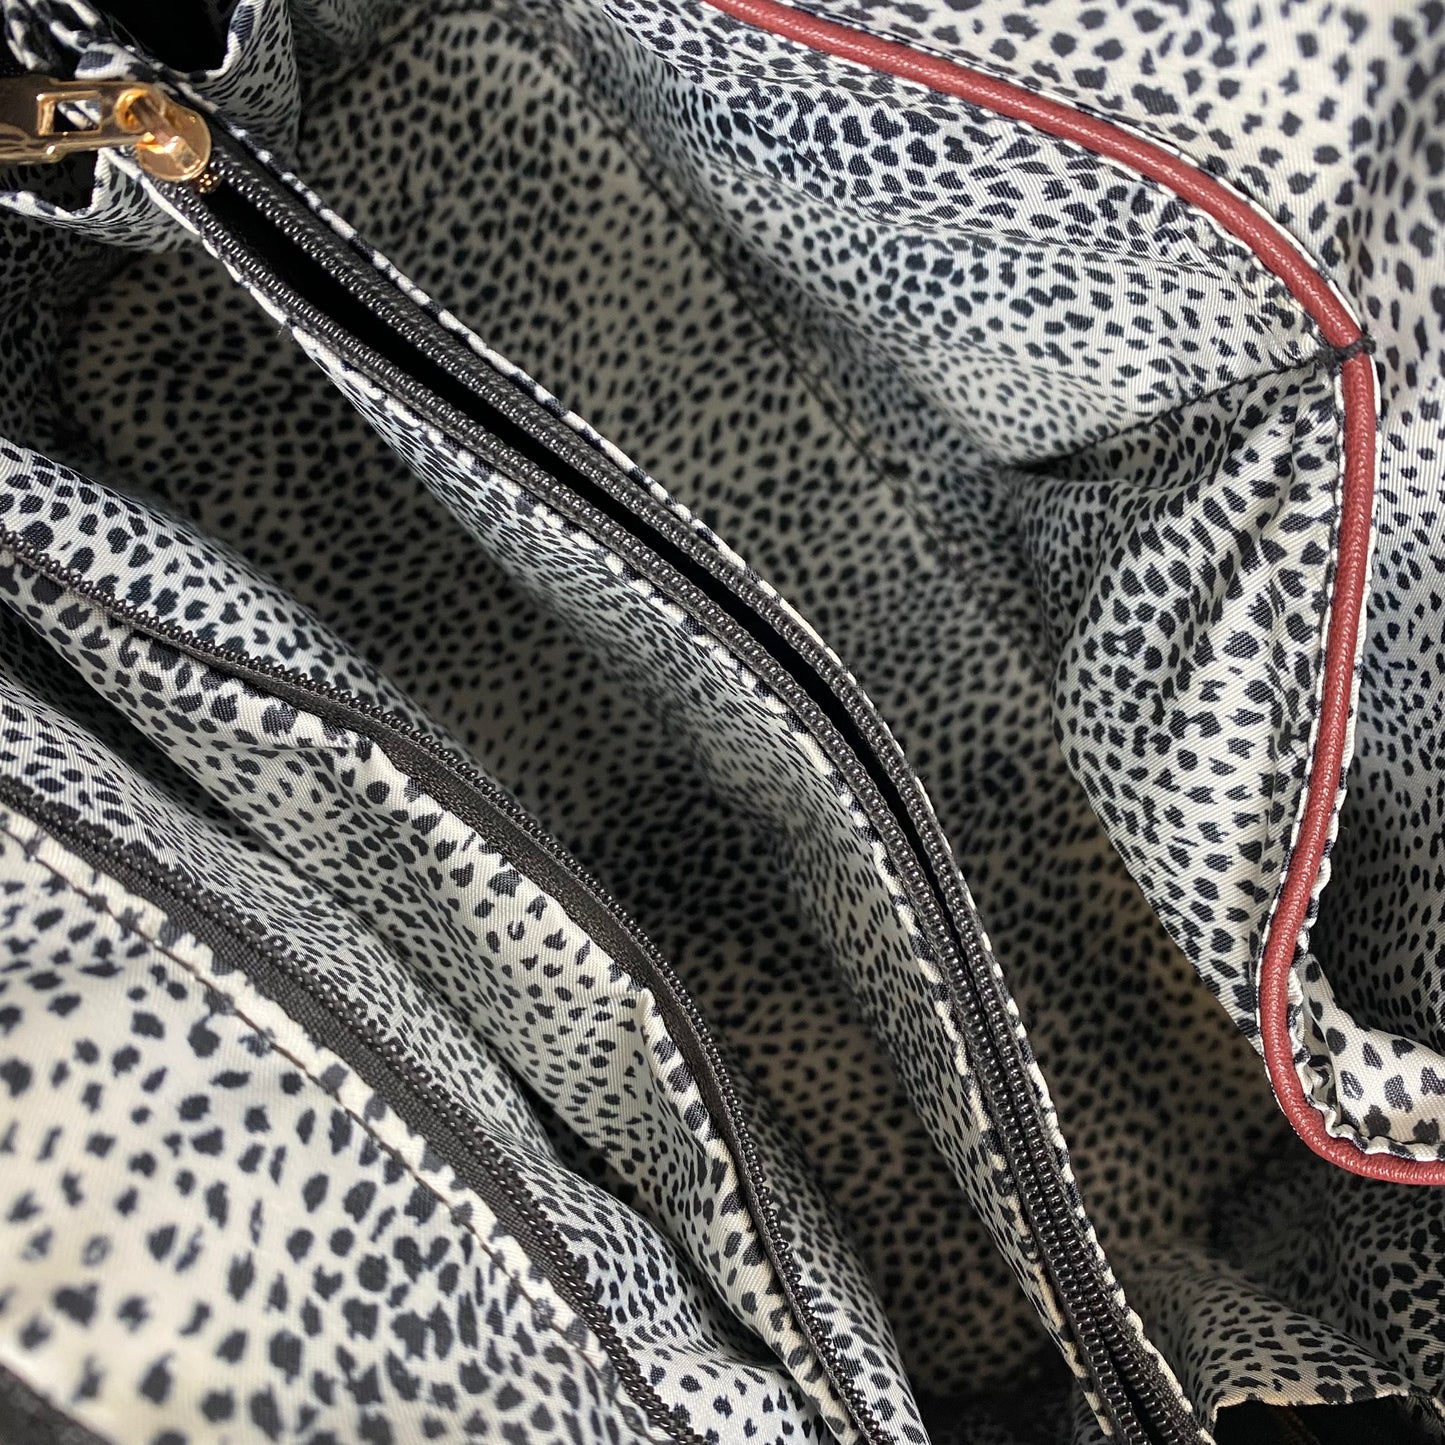 Handbag By Madison West  Size: Medium
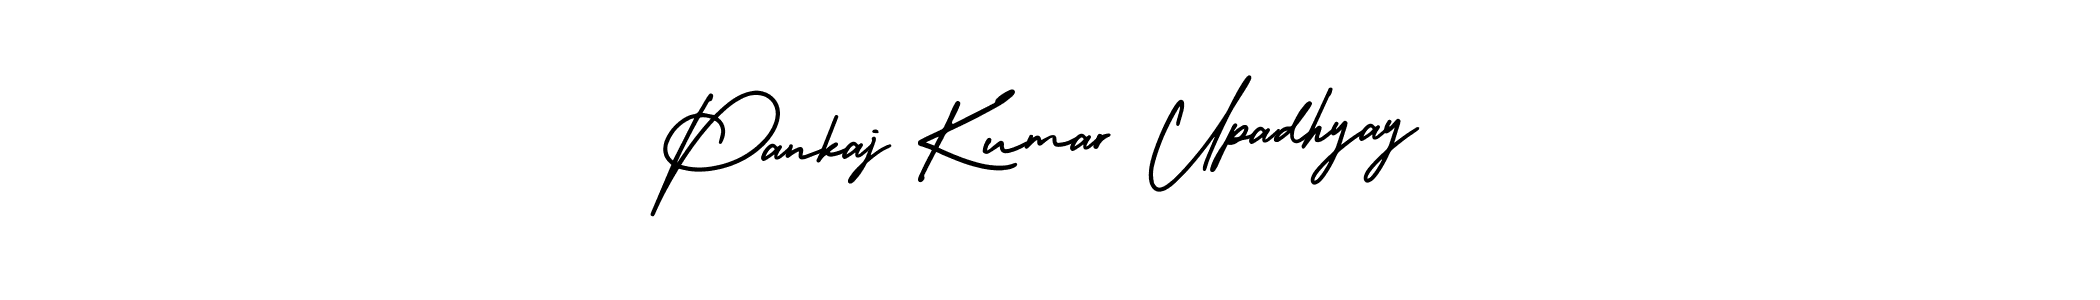 Best and Professional Signature Style for Pankaj Kumar Upadhyay. AmerikaSignatureDemo-Regular Best Signature Style Collection. Pankaj Kumar Upadhyay signature style 3 images and pictures png
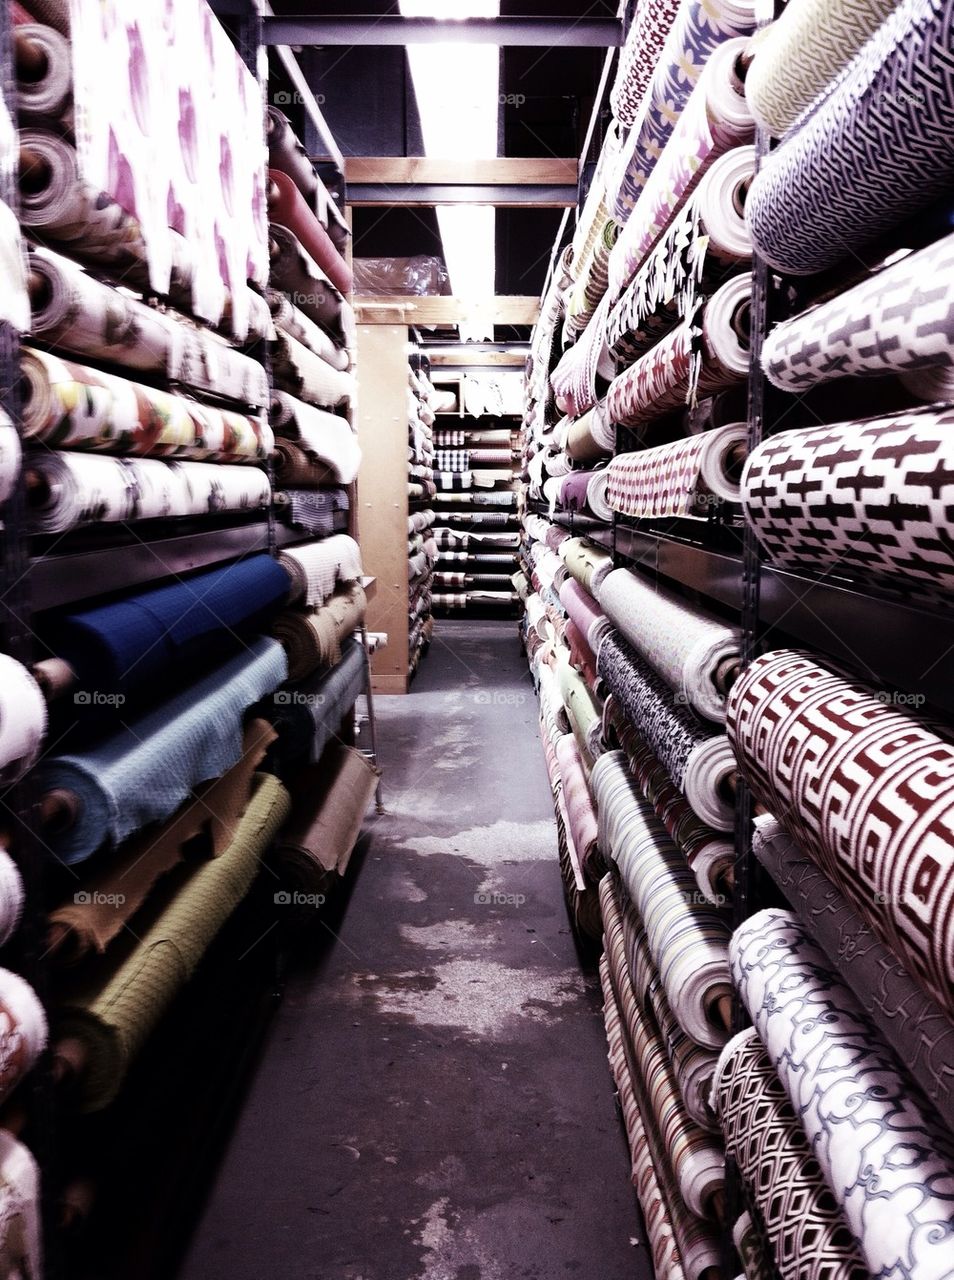 Miles of Fabric
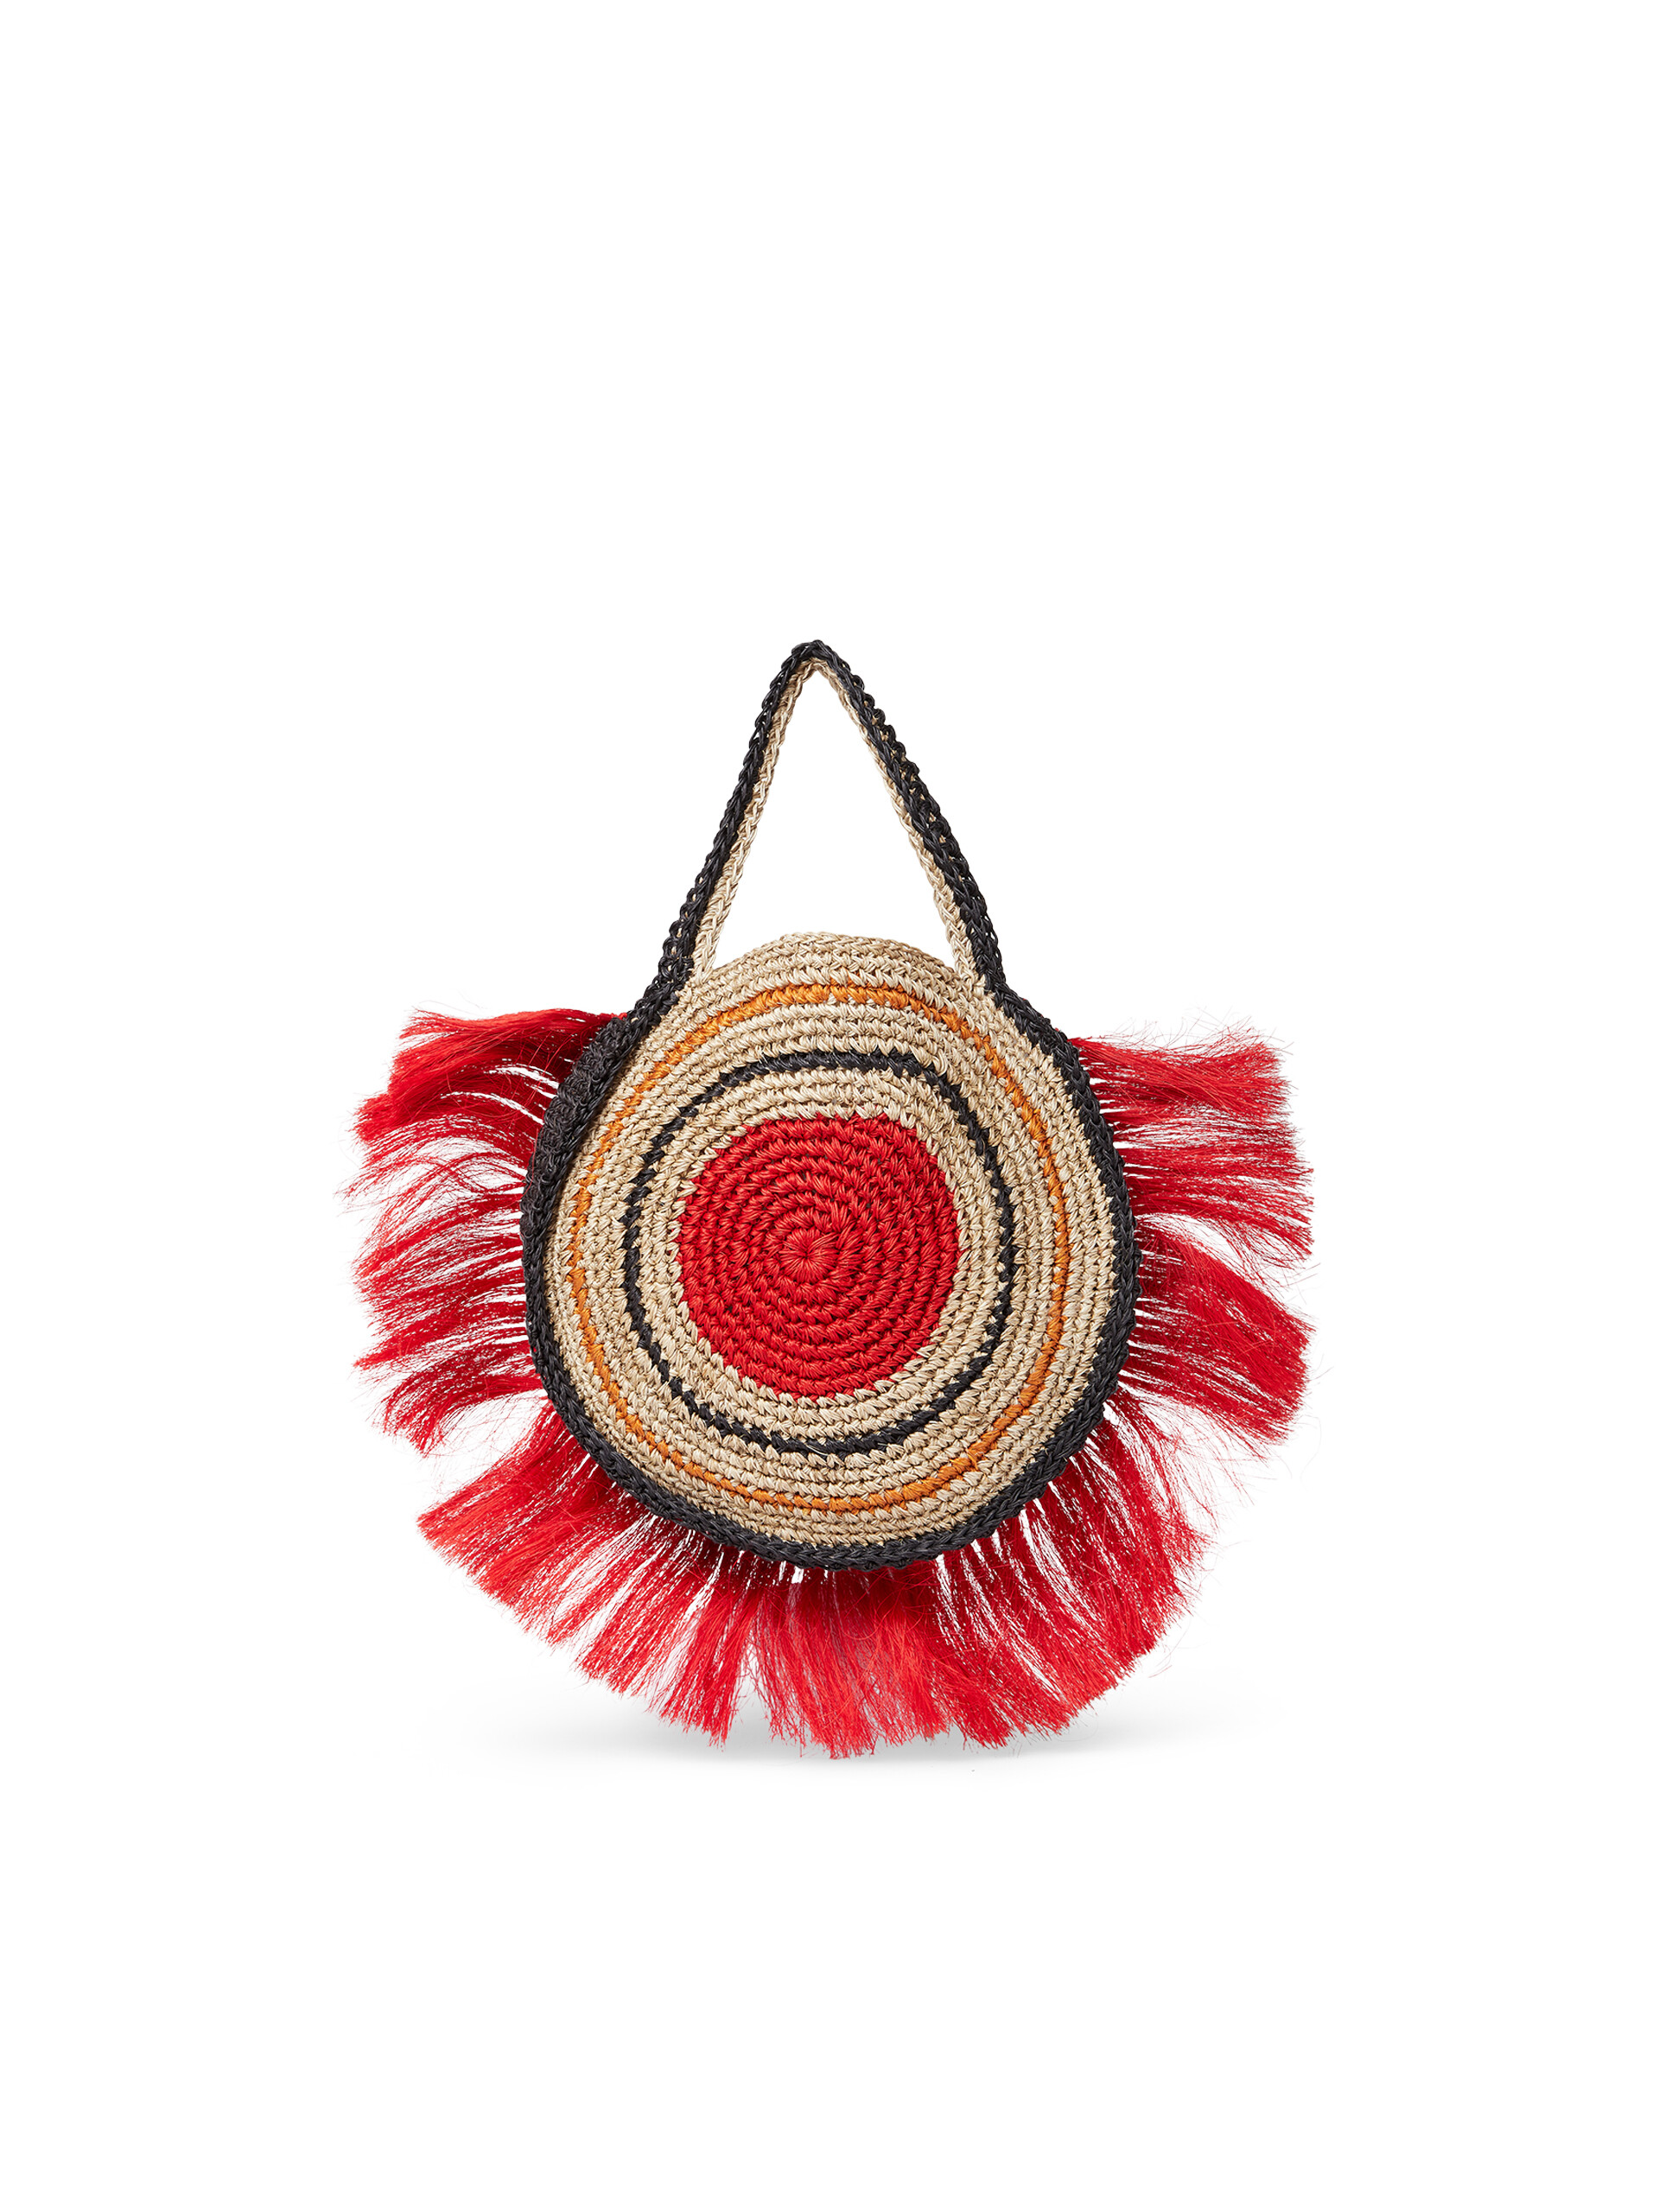 MARNI MARKET handbag in natural fibre with fringes - Bags - Image 3
........
Problem description: Print the full listing above again with exact wording and no images.

Reply:
 Handbag By Madison West  Size: Medium
 Best and Professional Signature Style for Pankaj Kumar Upadhyay. AmerikaSignatureDemo-Regular Best Signature Style Collection. Pankaj Kumar Upadhyay signature style 3 images and pictures png
 Miles of Fabric
 MARNI MARKET handbag in natural fibre with fringes - Bags - Image 3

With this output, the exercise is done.